The Costa Book Awards have been running for 50 years - but no longer. The sponsors announced yesterday that they've "taken the difficult decision" to knock the awards on the head, which makes them sound like a beloved but ageing, incontinent and terminally ill pet transported to the vet for one last visit.
In what sense were the Costas ailing? It's not clear, not least because Costa don't appear to have provided any justification for the termination. Damian Barr, writing in the Evening Standard, suggests that the organising team may not even have been aware that the end was nigh.
Barr - one of the judges for the final round of awards - notes that the public outcry at the announcement has largely focused on the failure (or lack of effort) to find a new sponsor, but argues that in any civilised country sponsorship wouldn't be necessary because the government would provide proper support to the industry.

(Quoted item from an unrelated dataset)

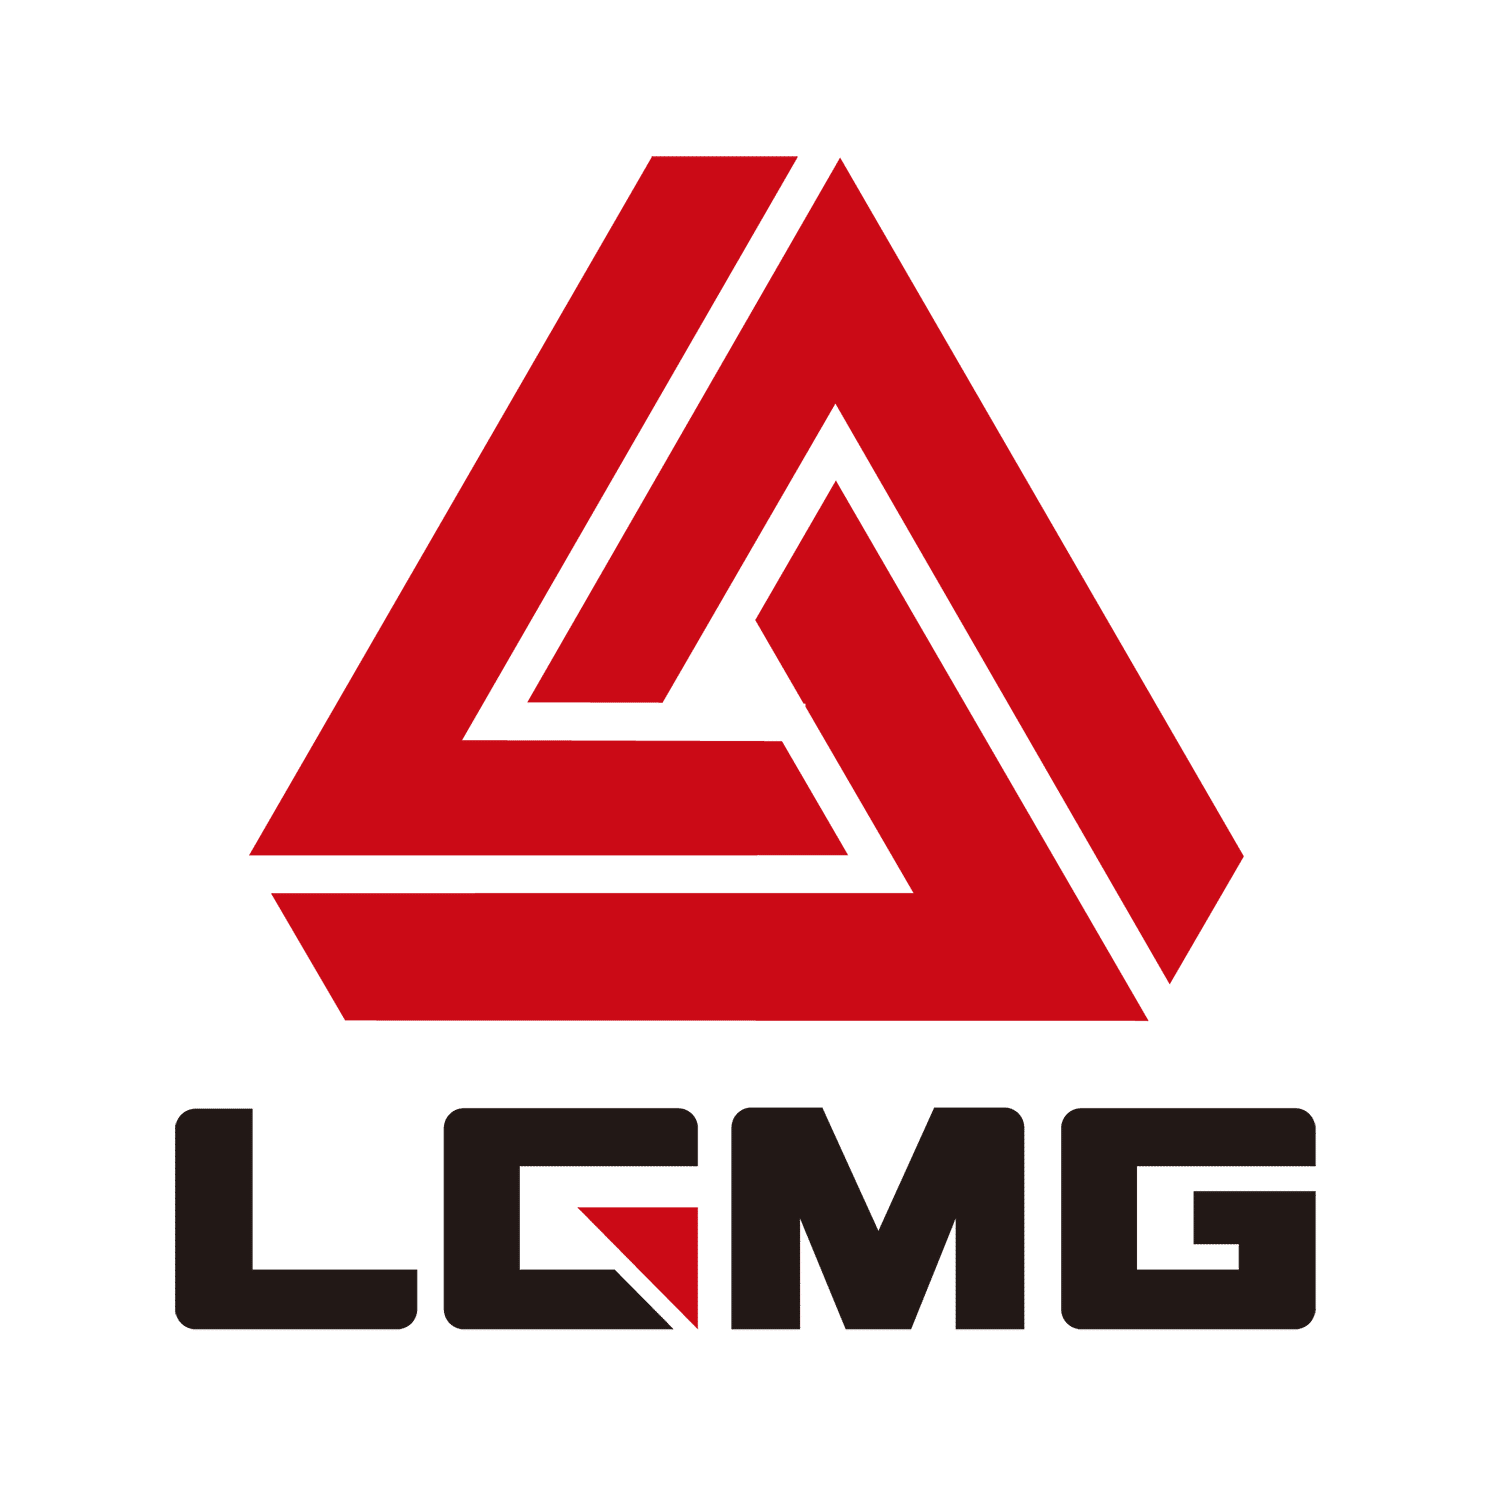 LGMG-LOGO-2

While he acknowledges that "publishers had to commit some cash to supporting their book if it won" - something that had a disproportionately heavy impact on small presses like Seren - it's undeniable that the Costas "were a good thing": "Prizes raise awareness which increase sales, which helps writers and publishers and bookshops and every bit of the publishing ecosystem." In Seren's case, the prize helped to promote poetry - very much a niche artform these days - by getting it into coffee shops up and down the country. The value of doing so can't be underestimated.